Rule 20.Permissive joinder of parties
Current through January 1, 2025 · Last verified July 8, 2026
Full Text of Rule 20
Amendment History
The current West Virginia Rules of Civil Procedure took effect January 1, 2025, as part of a rewrite that modernized the rules’ numbering and structure. West Virginia does not publish a per-rule amendment history inside the compiled rules text reproduced here. The text above is verified current through the source’s own January 1, 2025 update; for the underlying adopting order and any later amendments, see the West Virginia Judiciary’s compiled rules page.
Plain-English Summary
Rule 20 is about choice, not necessity — it's the counterpart to Rule 19's required joinder. Plaintiffs can join together in a single lawsuit, or multiple defendants can be joined in one, whenever their claims arise out of the same transaction, occurrence, or series of transactions, and a question of law or fact common to all of them will come up in the case.
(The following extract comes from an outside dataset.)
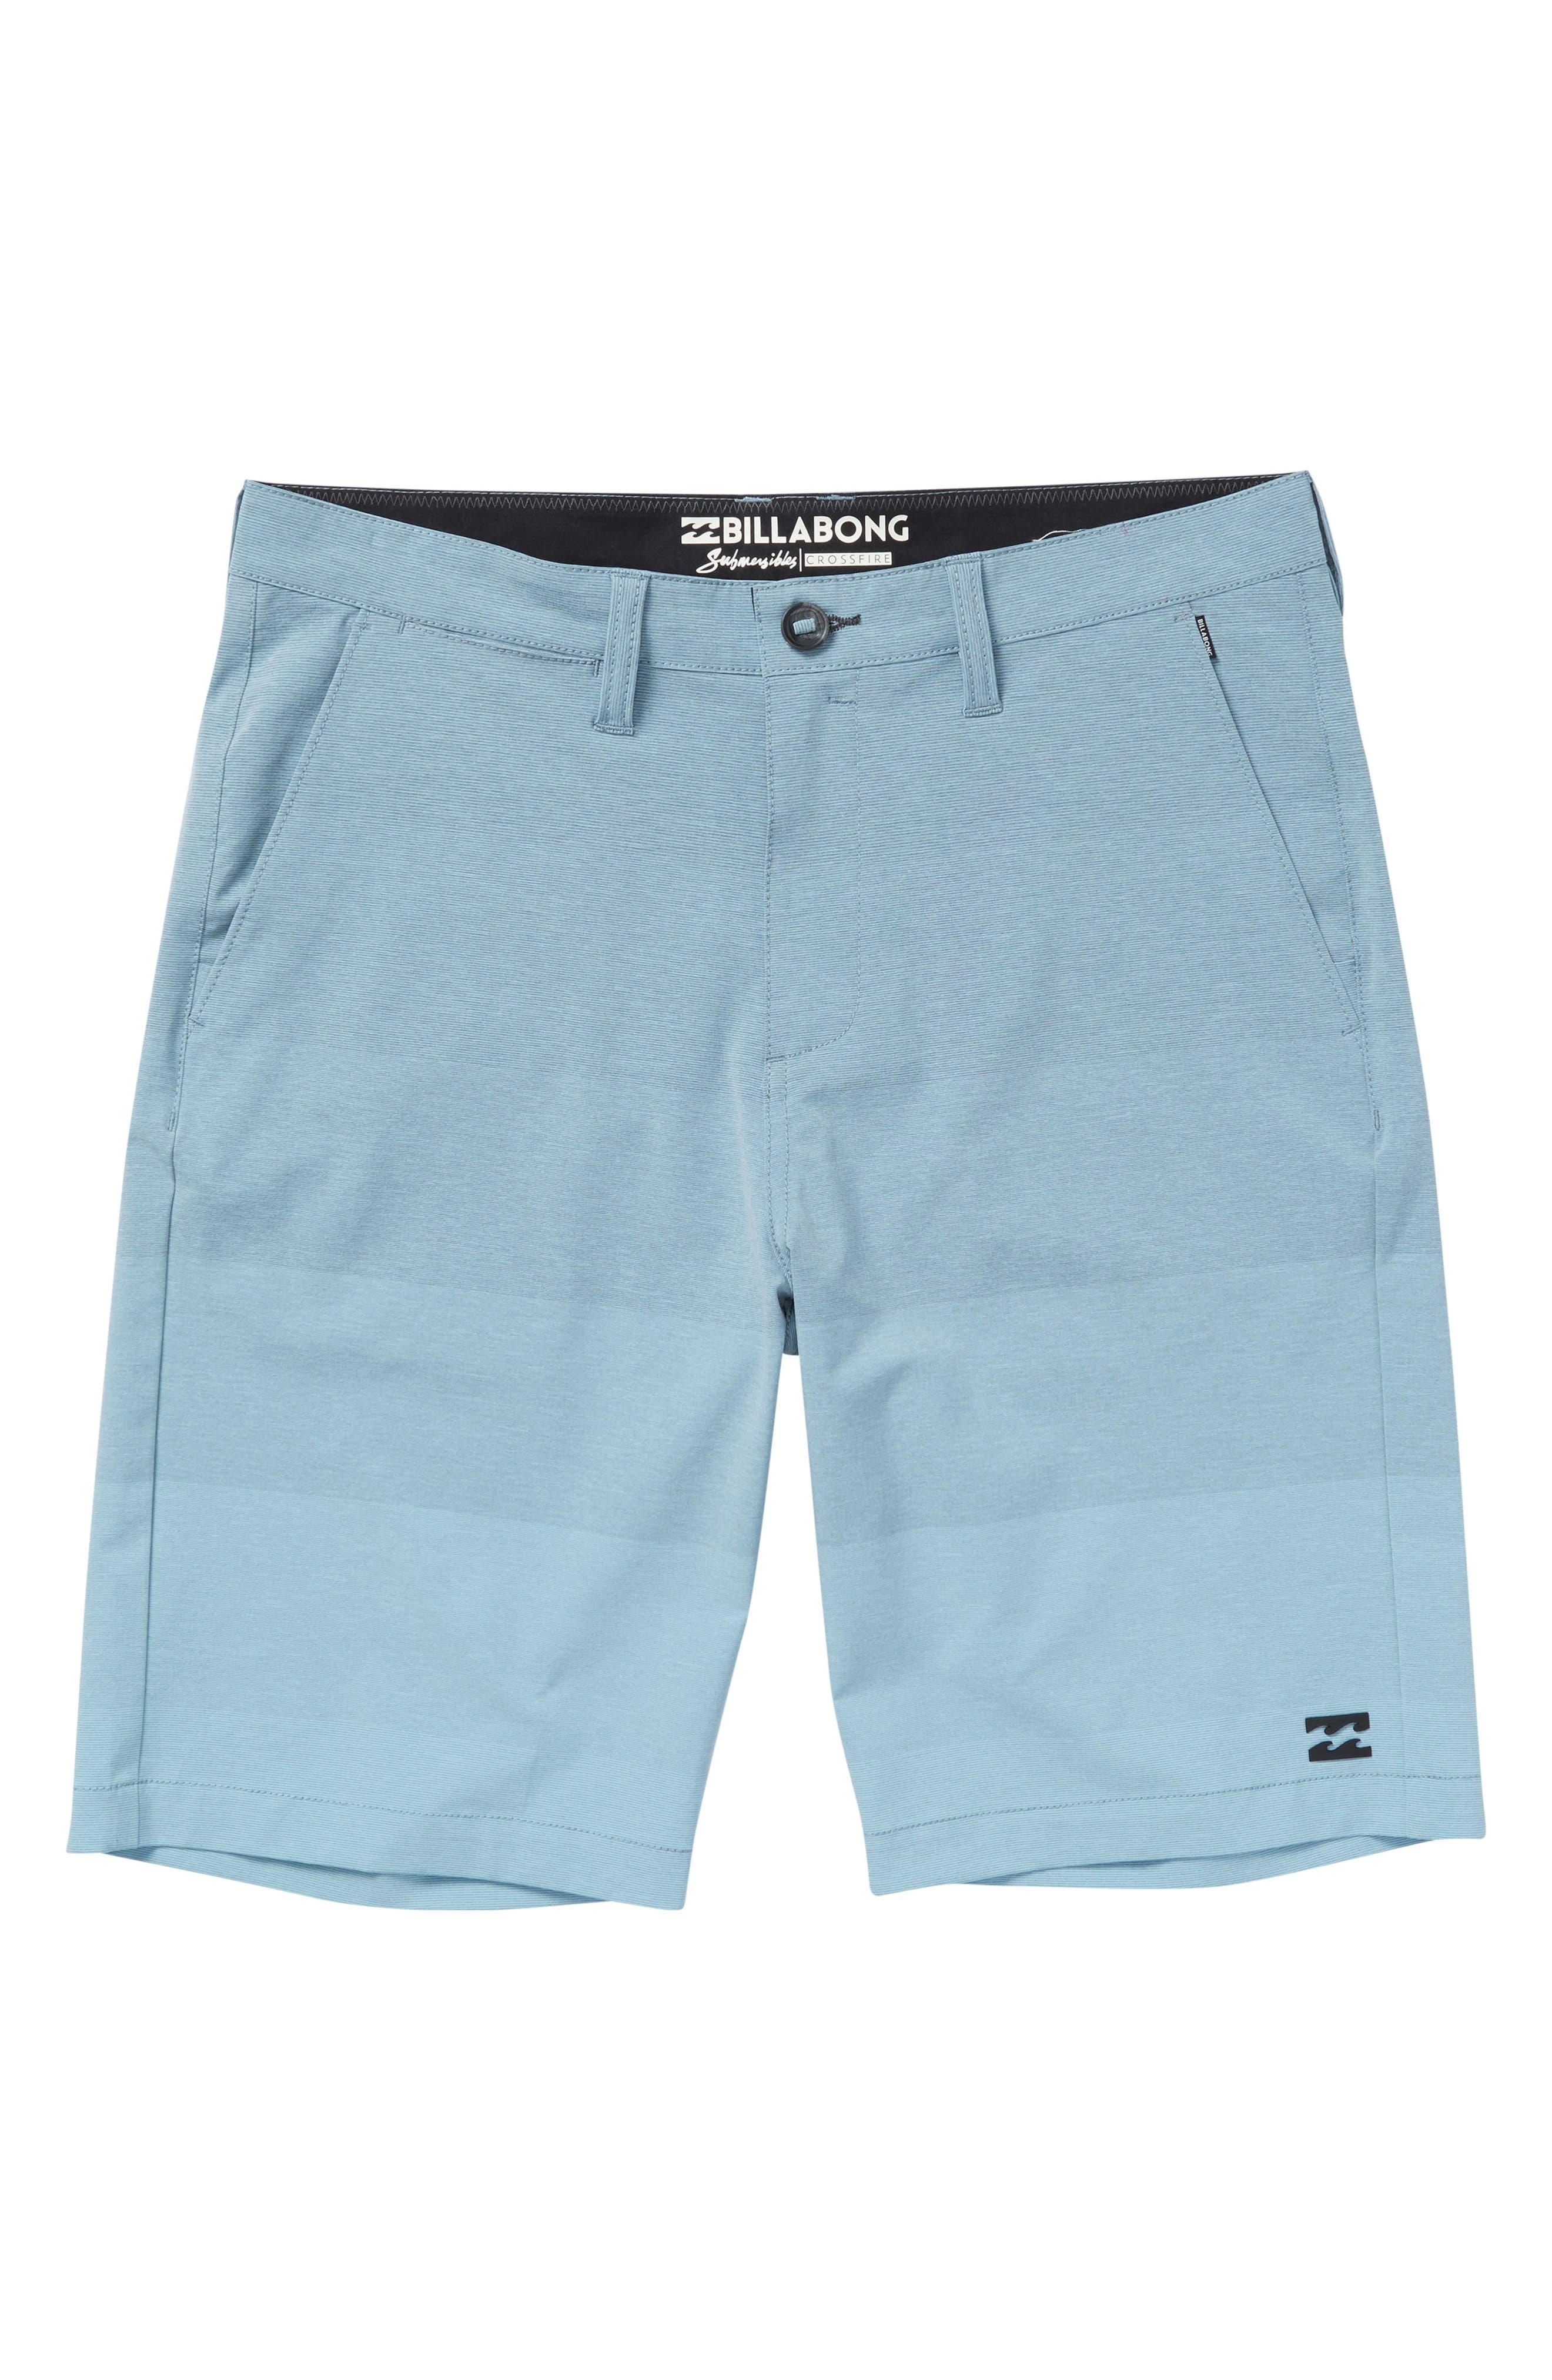 Crossfire X Faderade Hybrid Shorts,                         Main,                         color, Blue
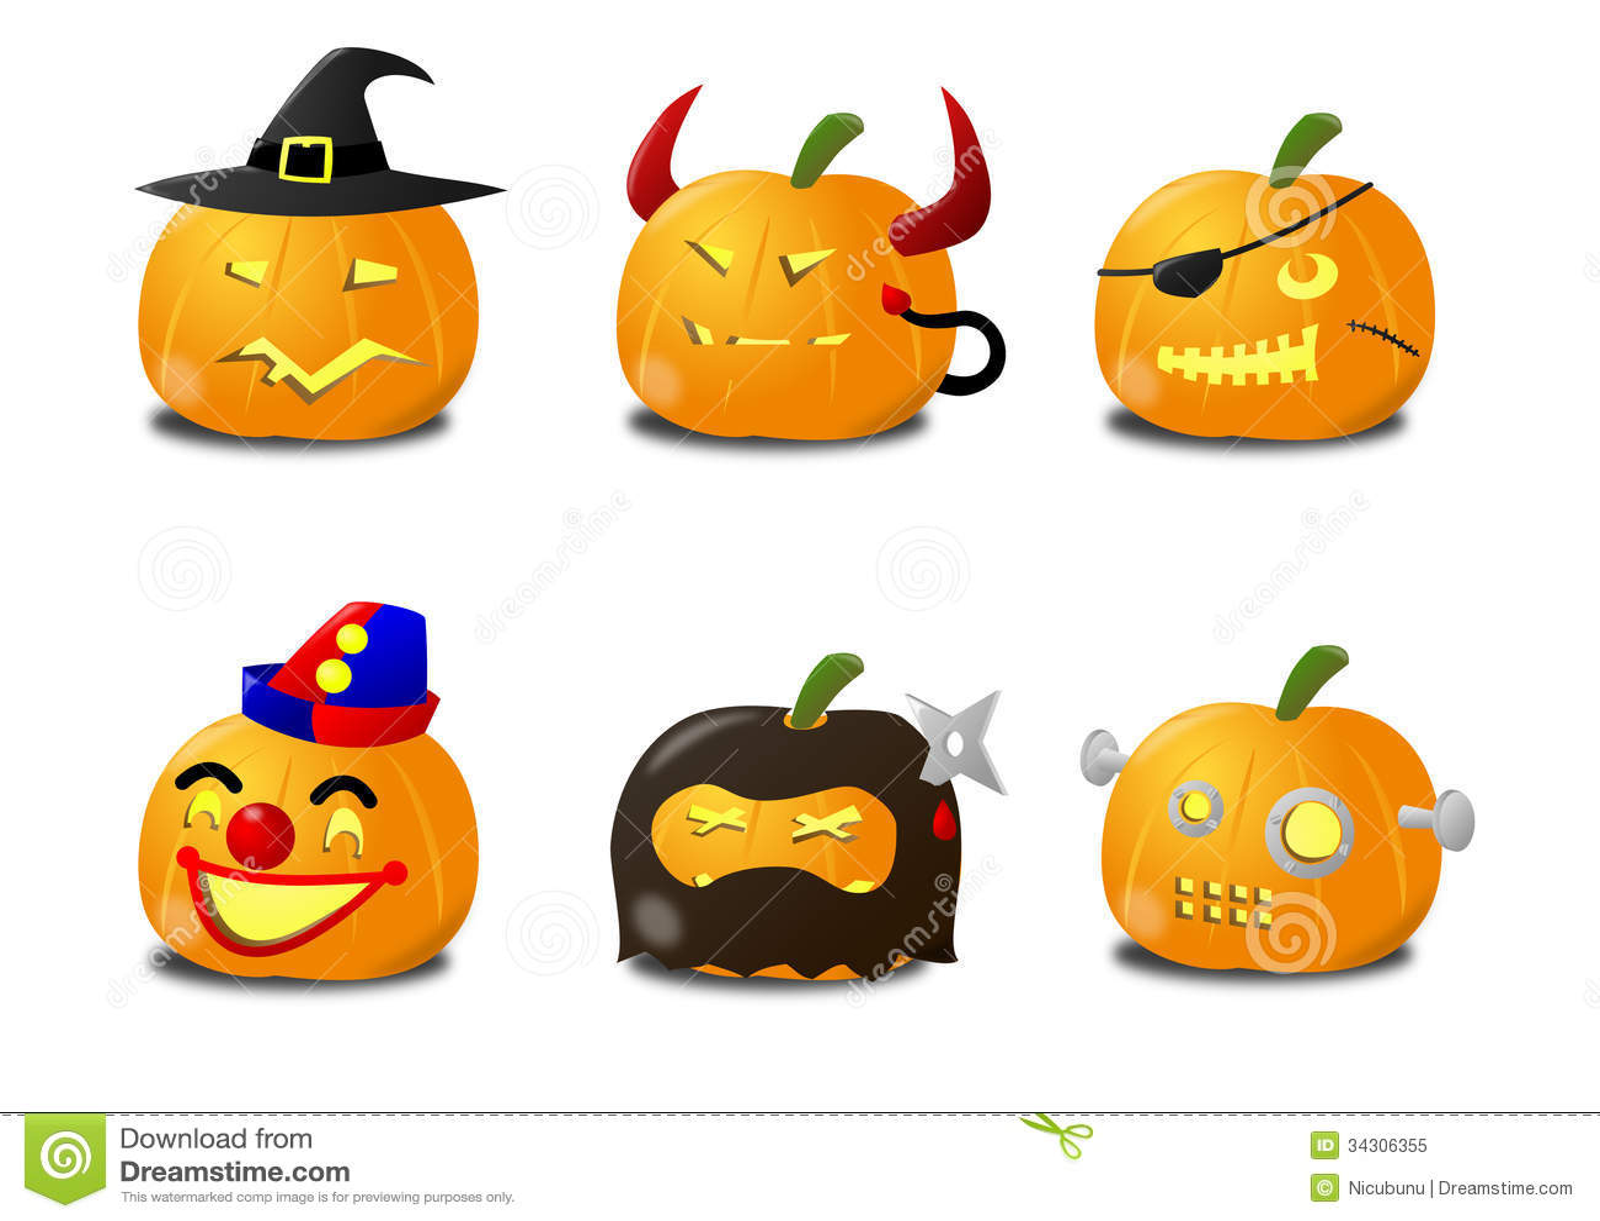 Ninja Smiley Face Icons Cartoon Vector

Neither a plaintiff nor a defendant has to be interested in every bit of relief the lawsuit seeks. The court can enter judgment for some plaintiffs and against some defendants without requiring everyone joined to win or lose together.
Joining multiple parties can create friction — a defendant with no real connection to a co-defendant's dispute might be embarrassed or burdened by being lumped into the same case. Rule 20(b) gives the court a release valve: it can order separate trials or other protective measures to shield a party from delay, expense, or other prejudice caused by parties against whom it has no claim and who have no claim against it.
Frequently Asked Questions
When can multiple plaintiffs join together in one lawsuit?
When their claims arise out of the same transaction, occurrence, or series of transactions, and a question of law or fact common to all of them will arise in the action.
Do all the joined defendants have to be liable for the same amount?
No. The court can grant judgment to one or more plaintiffs according to their own rights, and against one or more defendants according to their own liabilities — joinder doesn't require an all-or-nothing outcome.
What if joining several defendants together creates unfair prejudice to one of them?
The court can order separate trials or other protective measures under Rule 20(b) to shield a party from embarrassment, delay, expense, or other prejudice caused by being joined with parties it has no real dispute with.